By the end of Reagan’s second term, my church had been on the receiving end of nearly a decade of propaganda that told them abortion –at that time still largely relegated to the first trimester in most of the country– was simply an excuse for lazy, loose, immoral woman to avoid the consequences of their actions. And they all believed it. I still regularly got asked (not because they thought I was a doubter, but rather in a sort of amazed “can you believe it?” tone): “What if your mom had aborted you? Just think about it!”
But here’s the thing: by the time I was 16, I didn’t believe them. They told wild tales about evil doctors and indifferent women and cynical politicians that made Hitler and Mengele seem like reasonable people. Their slideshows and films always seemed to show the same few horrific-looking procedures. I thought “If this is happening as often as they say, why do they keep using the same films?”
It all began to feel like when they had told me that The Eagles were trying to get me into the Satanic Church by backmasking “Hotel California”, or that the song “Dreamweaver” was about astral projection and a portal to demonic possession –you had to really want to believe it to hear it on the record.
I got sick of it. I just got sick of all of it –the paranoia, the propaganda, the politicization of something that Jesus had always said wasn’t supposed to be political. The Gospel was supposed to be for everyone, reaching out to the whole world, with our eyes on the afterlife, not the transient political squabbles that would isolate us and make us combatants rather than ministers and living witnesses to all.
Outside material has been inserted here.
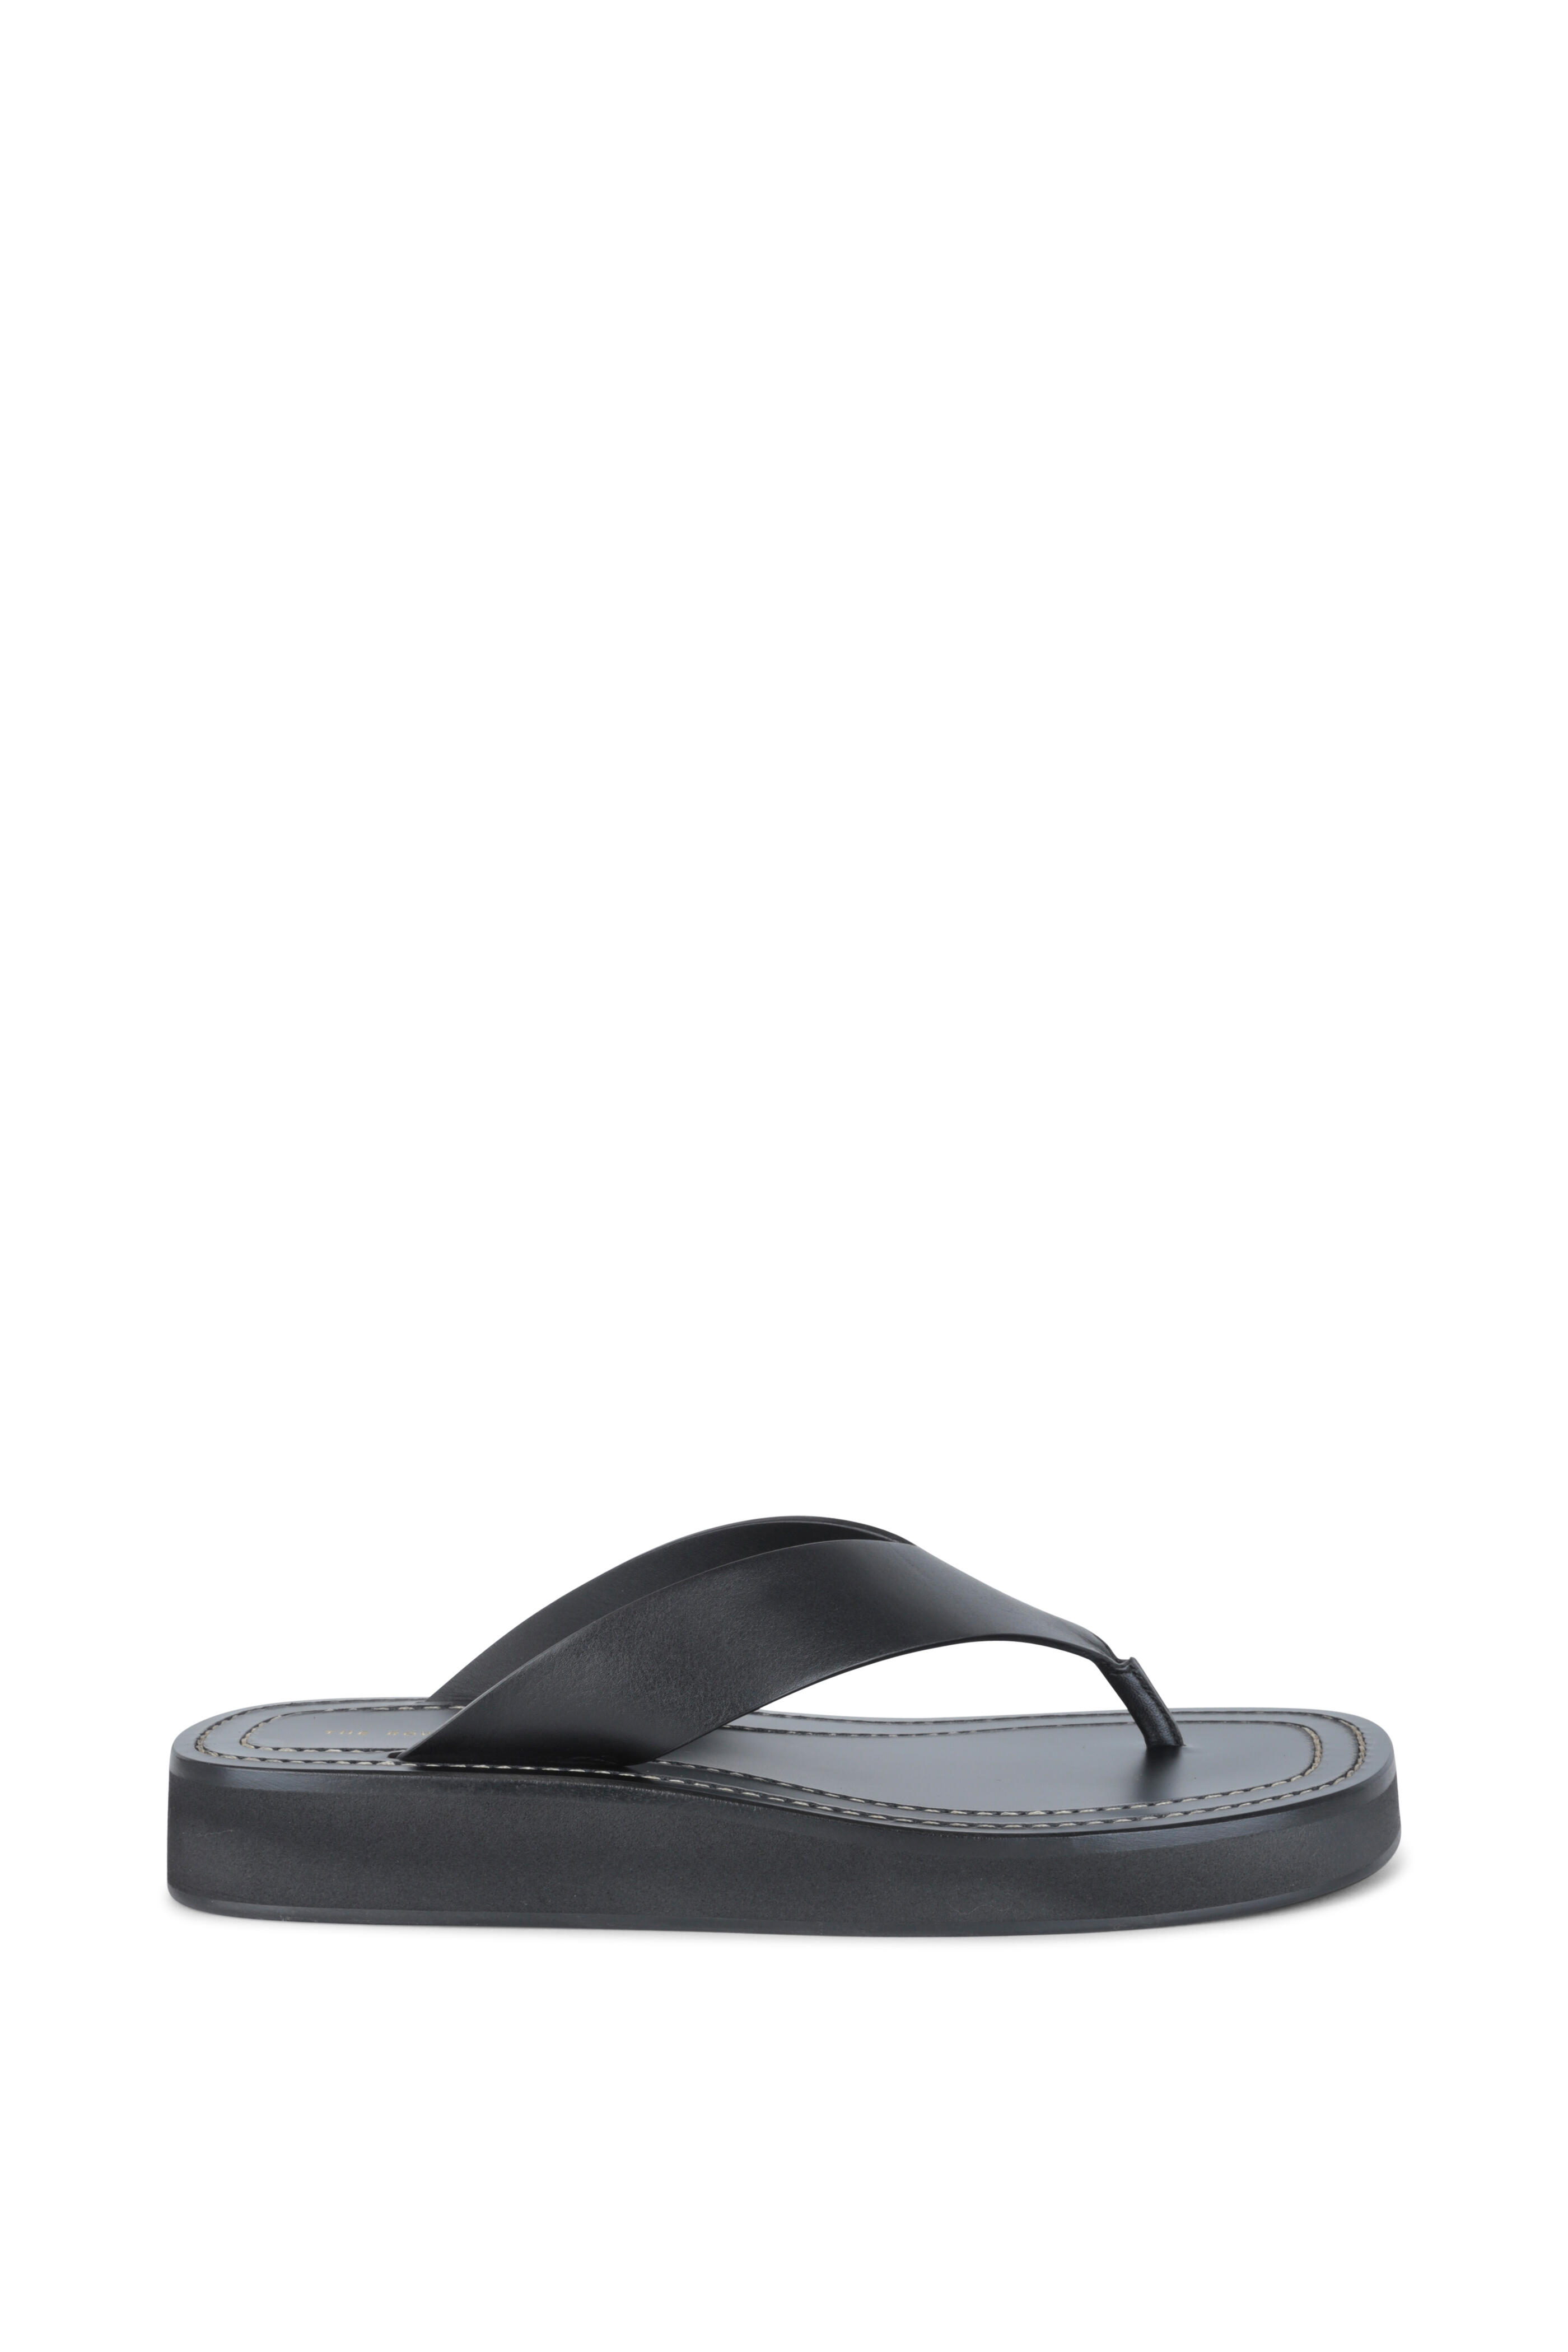 Leather thong sandals in black - The Row

We were supposed to be set apart from the world, “in the world but not of the world” is what they used to say. While I wouldn’t say that the Evangelical church of the 70’s was apolitical, it did seem to subscribe much more to a “Give to Caesar what is Caesar’s, and to God what is God’s” approach to civic life. By the late 80’s, feeling attacked from every side, they had abandoned that approach in favor of becoming foot soldiers in the culture war, and I didn’t want to be part of their army.
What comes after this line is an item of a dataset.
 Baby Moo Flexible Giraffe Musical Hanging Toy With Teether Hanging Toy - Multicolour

Eventually I made a deal with my mom that I only had to go to church once a week.
By the time I was 17 –shortly before I would leave home– I recall my mom and sister coming home from a Sunday morning service, fired up about the horrors of abortion. They wanted to tell me about it all, and tried.
I wasn’t having any.
“I don’t understand how you could be so cruel!” my older sister had said.
I didn’t know how to stand in my mother’s house, next to porcelain figurine of Jesus praying and sweating blood in the Garden of Gethsemane, and tell her it was because I thought our church was lying to them, so I said nothing.
Later, one early November night in 1992, I had been invited to watch the Presidential Election returns come in at my parent’s house. I was largely homeless at the time, couch surfing or sleeping on the streets in the warmer months. I had believed in Bill Clinton’s promise of a domestic Peace Corps program through which I could find a path to college, so he’d earned my vote. My dad was a union man who’d never forgiven Reagan for firing the air traffic controllers and “breaking the back of the unions”, so he too had cast his ballot for Clinton. My mother and older sister, animated largely by an anti-abortion drive at their church, were certain that a Clinton victory would be not only disastrous for the unborn, but might actually usher in the apocalypse, and so had voted for Bush.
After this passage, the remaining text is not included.